Puesto que la demanda nada dice sobre la aplicación del nuevo sistema, no invocando siquiera la virtualidad de la Orden General de 16 de junio de 2006 ni denunciando su incumplimiento, procede desestimar íntegramente el recurso.
CUARTO .- No se aprecian motivos que, a la vista de lo prevenido en el artículo 139.1 de la Ley Reguladora de la Jurisdicción Contencioso-Administrativa , justifiquen una especial imposición de las costas causadas.

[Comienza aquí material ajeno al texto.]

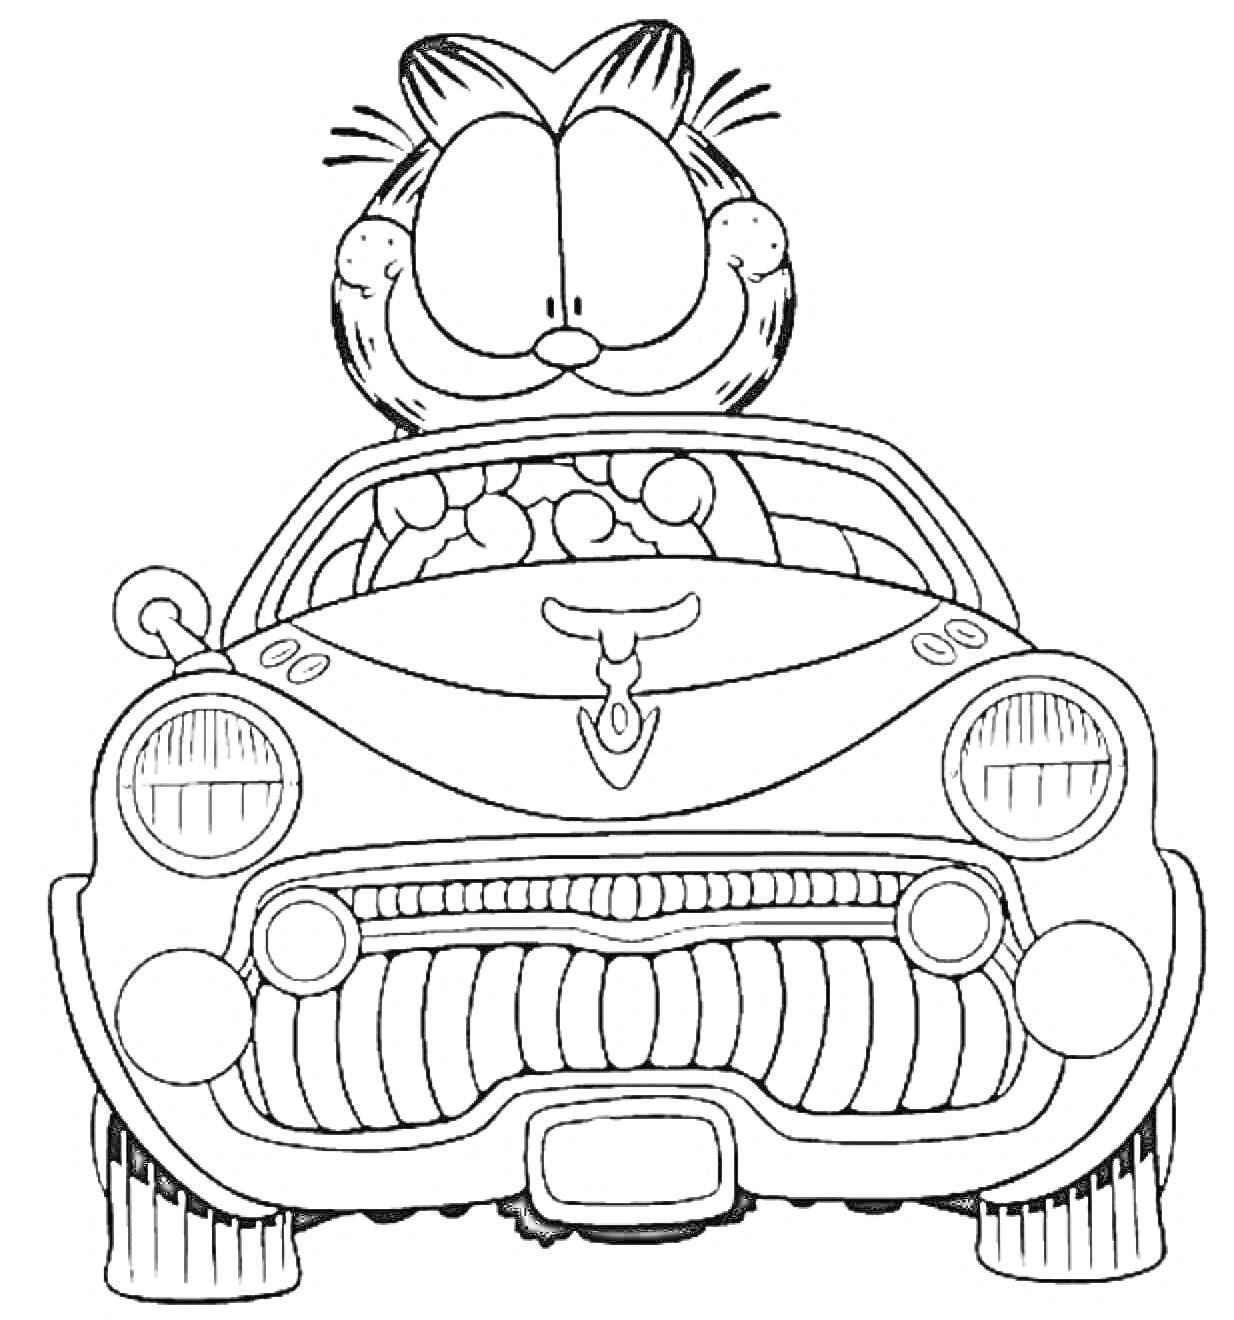 Кот за рулем автомобиля с бычьими рогами на капоте

VISTOS los artículos citados y demás de general y pertinente aplicación
Fallo
Que desestimando el recurso contencioso-administrativo interpuesto por D. Gregorio contra la Resolución del Director General de la Guardia Civil de fecha 14 de abril de 2011 por la cual se desestimó su petición sobre abono con carácter retroactivo de todas las horas de exceso generadas en el periodo que menciona conforme a las reglas de valoración que igualmente expresa, debemos declarar y declaramos que dicha Resolución es ajustada a Derecho. Sin hacer expresa imposición de costas.
Así por esta nuestra Sentencia, que se notificará en la forma prevenida por el art. 248 de la Ley Orgánica del Poder Judicial , y contra la que no cabe recurso alguno, lo pronunciamos, mandamos y firmamos.